Лопатин стал прощаться.
– Благослови вас бог, если он есть, – сказала Зинаида Антоновна, когда он наклонился, чтобы поцеловать ей руку.
– Вдруг мы и правда здесь уже не увидимся, – вздохнув, сказала молчавшая почти весь вечер Ксения. – Можно, я тебя поцелую?
Она потянулась и поцеловала Лопатина в лоб, прошептав при этом: «Все было так хорошо».
– А мы с вами, наверно, еще встретимся, – как-то непонятно, мимоходом сказала Ника, пожимая Лопатину руку.
– Я пойду провожу вас через проходные дворы, это гораздо ближе, – уже в передней предложил муж Ксении и полез в рукава шубы.
– Не стоит, – сказал Лопатин. – Я обойду, тут все равно недалеко…
Но муж Ксении уже влез во второй рукав шубы, и останавливать его было неудобно.
Они вышли вместе. Ночь была тихая и морозная. Под ногами хрустел снег. Муж Ксении молча шел через проходные дворы, шагая чуть впереди Лопатина, показывая ему дорогу.

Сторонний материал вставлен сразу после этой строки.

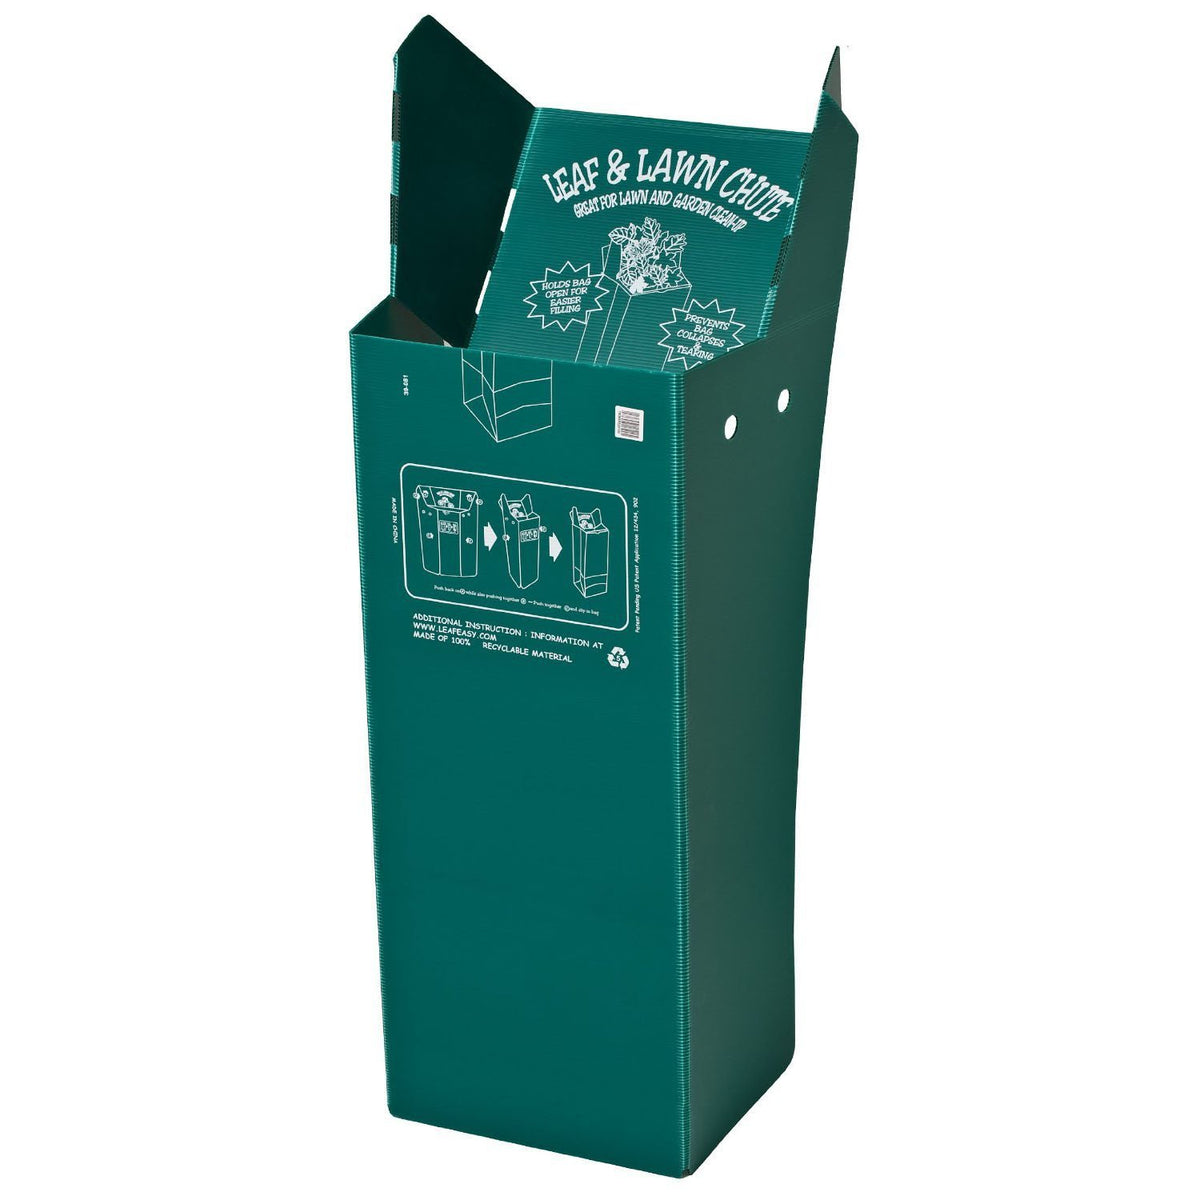 Buy luster leaf lawn chute - Online store for lawn & garden tools, lawn & leaf bags in USA, on sale, low price, discount deals, coupon code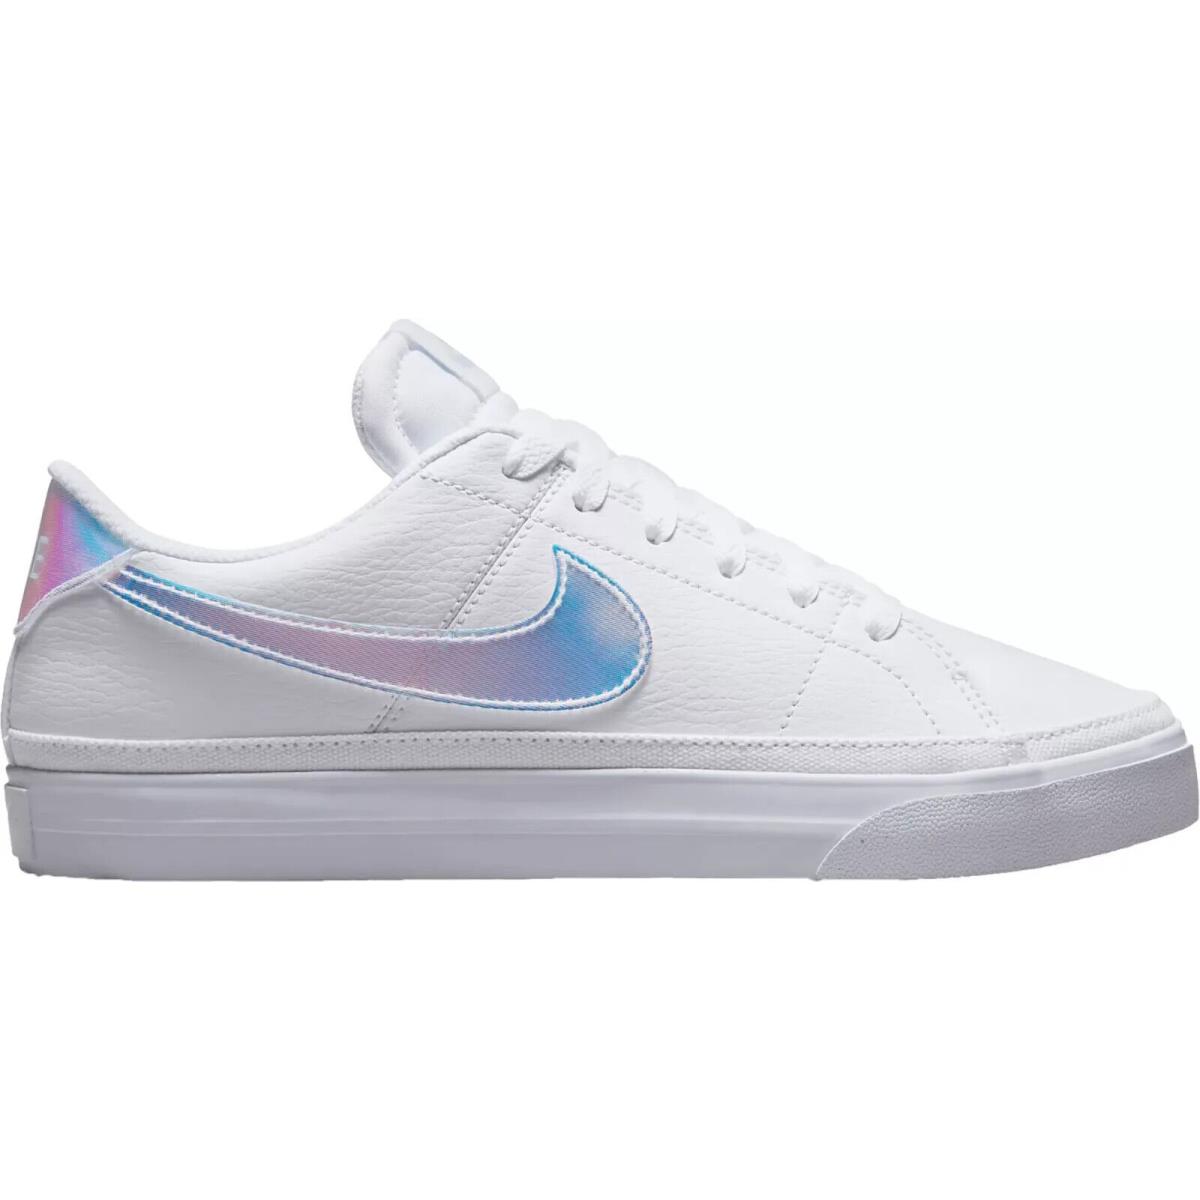 Nike Court Legacy Next Nature Women`s Casual Shoes All Colors US Sizes 6-11 White/Football Grey/Black/Multi-Color

Кто его знает, о чем думает сейчас этот молчаливый человек.
Неизвестно, какой он сам. Известно только одно: Ксения при нем стала лучше, чем была до него. Промолчала сегодня почти весь вечер, не мешала другим говорить о чем-то другом, кроме нее.
Лопатин с усмешкой вспомнил о своих напрасных стараниях научить ее сначала думать, а потом говорить. «Я так и не научил, а этот, очевидно, научил. Интересно – как? Поколачивает он ее, что ли, чтоб не болтала? Не похоже, но кто их знает? Иногда и самому хотелось с отчаяния отлупить ее, чтоб не трещала над ухом. А у этого помалкивает – и ничего! Еще и смотрит на него при этом влюбленными глазами. А может, вообще все проще простого: его любит, а тебя никогда и не любила? Какая это любовь при полной неспособности подумать о другом человеке, что для него хорошо и что плохо? Вот уж о чем она никогда не думала. А теперь, наверное, думает».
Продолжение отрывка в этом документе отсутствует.